Zauważ, że osoby, które nie panują nad innymi, w biznesie się nie sprawdzają. Co za problem wynająć mieszkanie? Praktycznie żaden! Ale prawdziwym wyzwaniem dla wynajmującego jest prowadzenie wynajmu w taki sposób, aby maksymalizować zyski i minimalizować ryzyko strat i aby w tym samym czasie obie strony (właściciel i lokator) były usatysfakcjonowane. Co? Nie da się zadowolić wszystkich? Ależ jak najbardziej da się; tylko trzeba wiedzieć jak?
Nie widzę problemu
Wielu właścicielom nieruchomości na wynajem wydaje się, że to nic takiego wynająć mieszkanie. Ale to jest biznes, jak każdy inny. A każdy typ biznesu rządzi się swoimi prawami, które trzeba znać; inaczej można ponieść porażkę. Ale nader wszystko to głównie umiejętności biznesmena przyczyniają się do jego sukcesu. I o dziwo, czy jest to wynajem zwykłej kawalerki, czy kierowanie potężną korporacją, to te same umiejętności (np. negocjacyjne) przywódcy/lidera określają cel, do którego dąży; a cel określa wynik, który może przyjąć 2 formy: „wygra” lub „przegra”.
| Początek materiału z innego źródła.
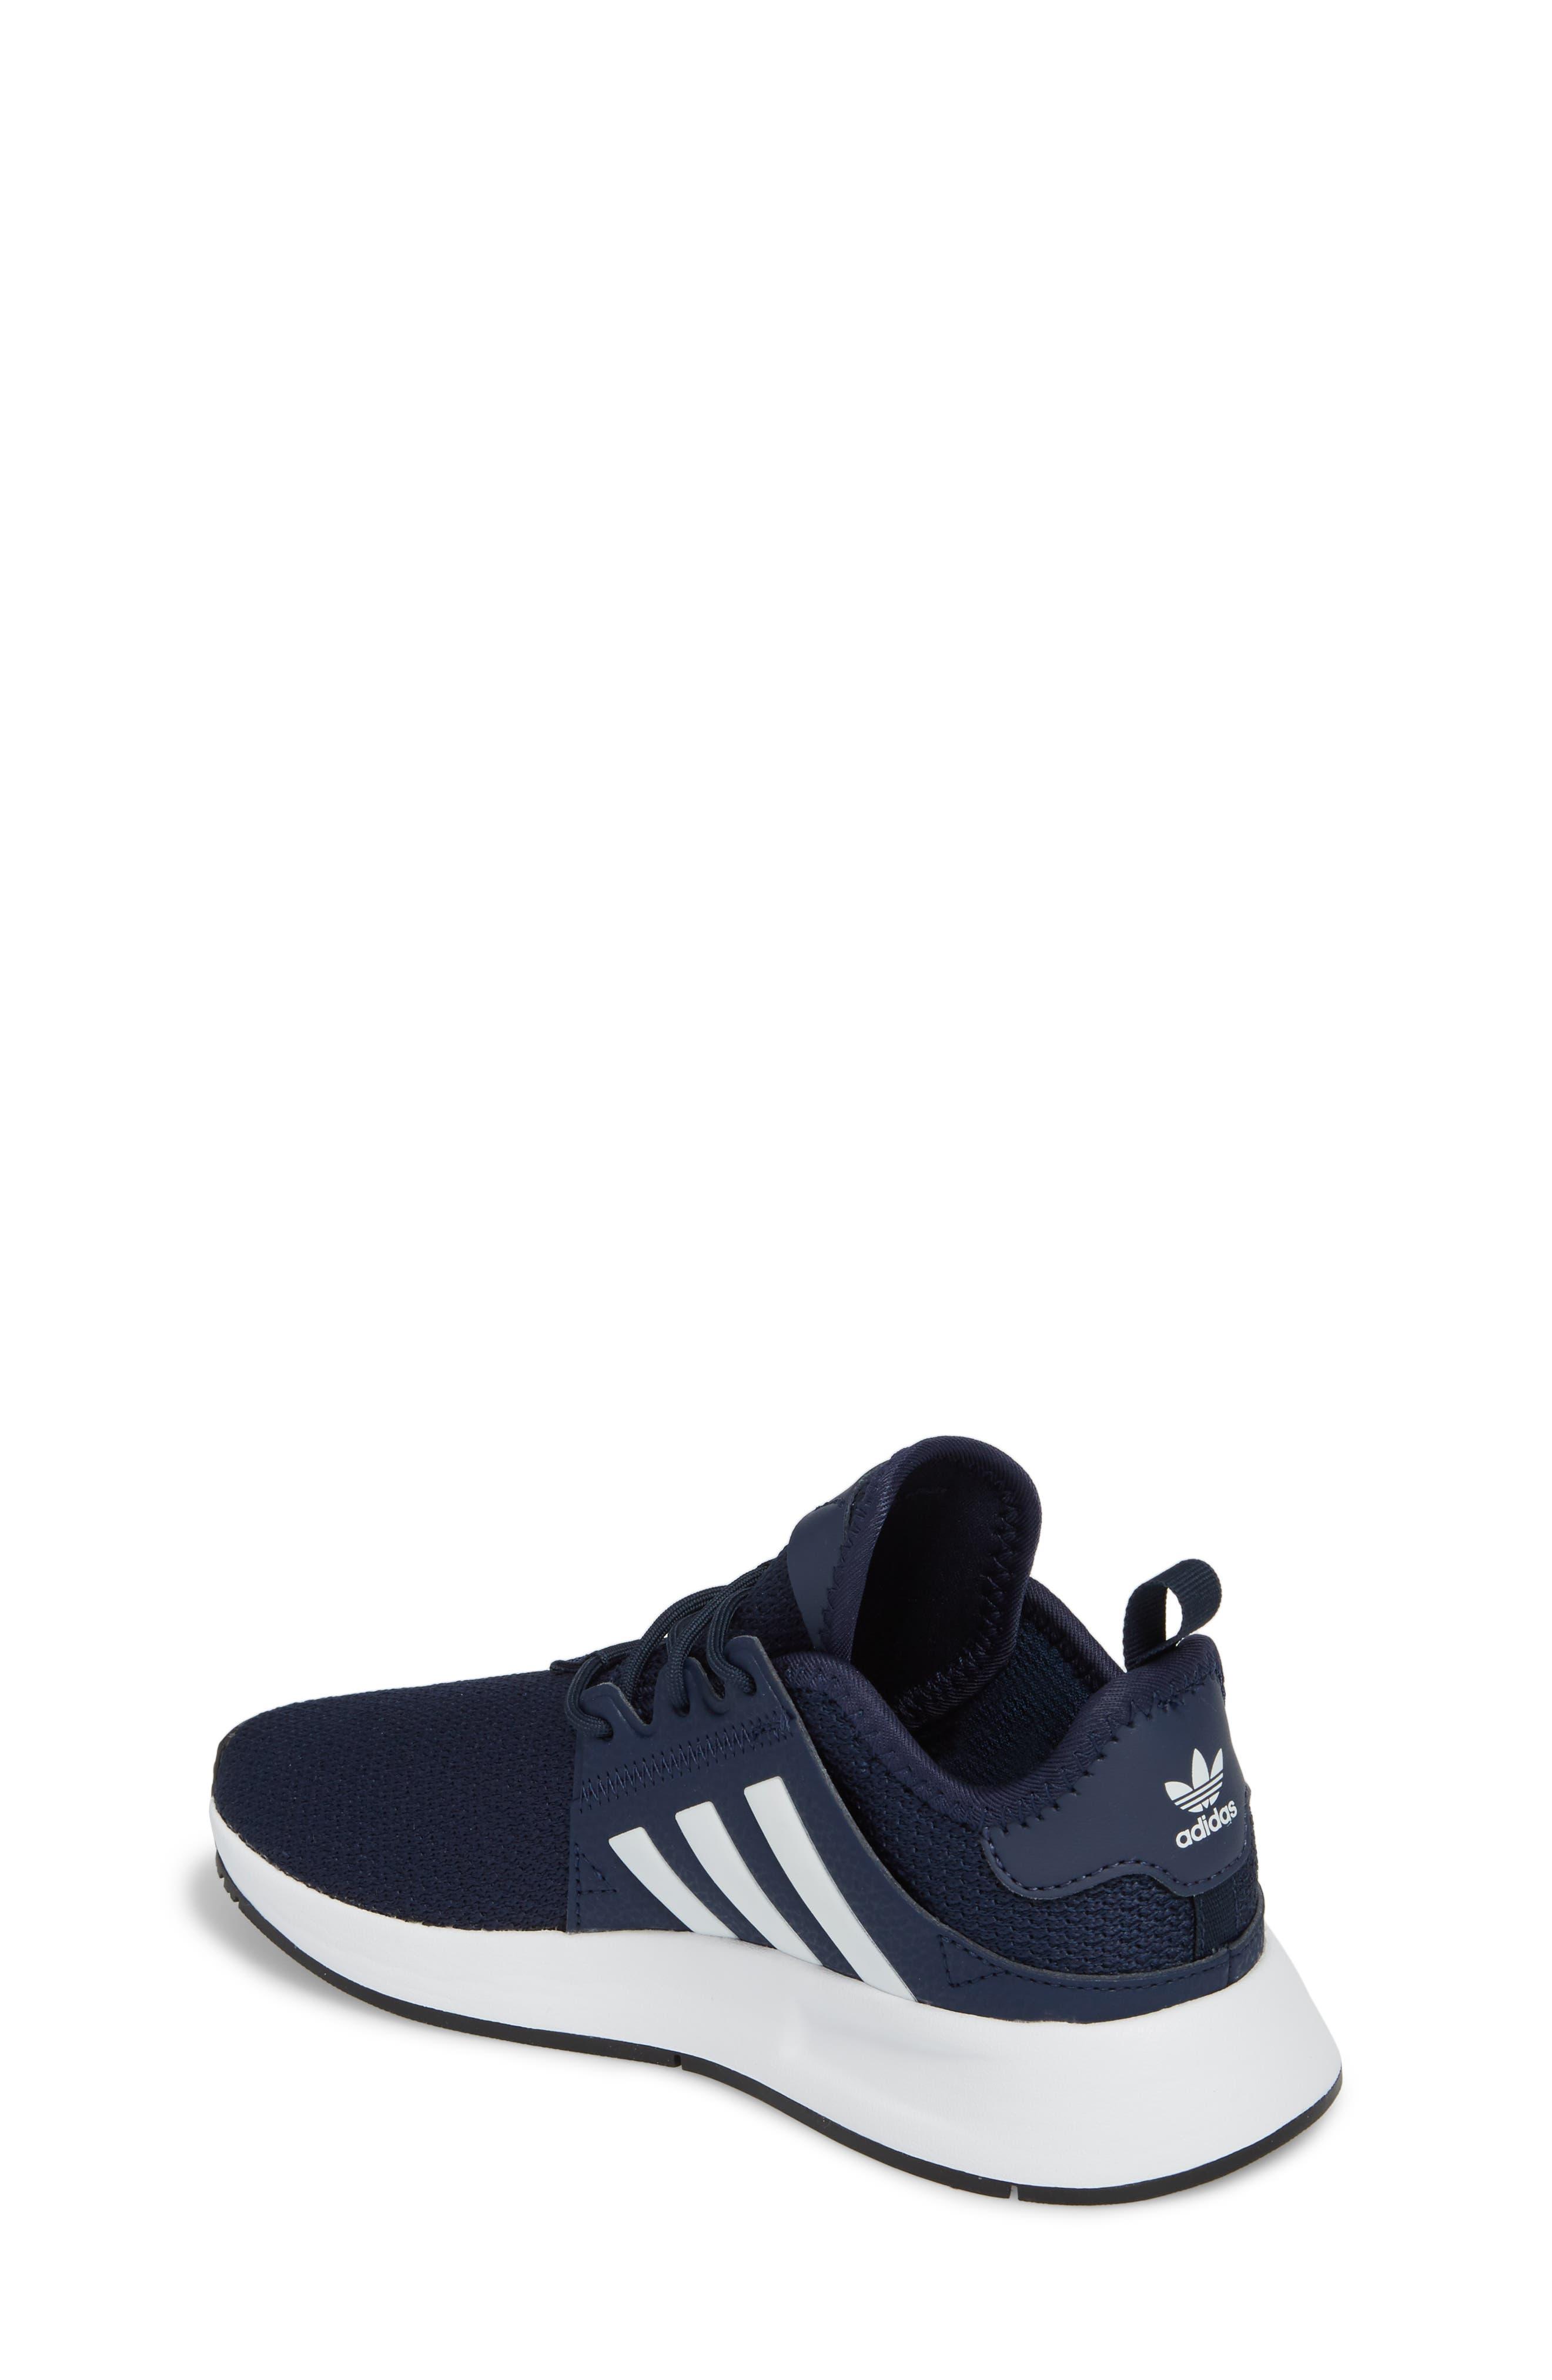 maschile adidas baby & walker scarpe nordstrom

To jest oczywiście bardzo mocny skrót myślowy, niemniej chciałem Tobie pokazać, że niezależnie czym się zajmujesz, to aby odnieść sukces, musisz dobrze dawać sobie radę z ludźmi.
Wszystko jest proste
Rzeczywiście to wszystko wydaje się proste – jak patrzy się na coś stojąc z boku. Ilu kibiców wydziera się przed telewizorami oglądając mecz „teraz, leć, kopnij piłkę” lub „bierz go po wewnętrznej!” 🙂 Dobrze mówić, siedząc wygodnie na kanapie, prawda 🙂
Dlatego niektórzy wolą wynająć fachowca – czy to pośrednika, który sprzeda im nieruchomość; czy to glazurnika, aby dobrze położył drogie kafelki; czy hydraulika, aby naprawił lub przebudował instalację. To daje potężne oszczędności czasowe, a również też i materialne, bo profesjonalista lepszy jest od amatora i rzadko kiedy coś spieprzy.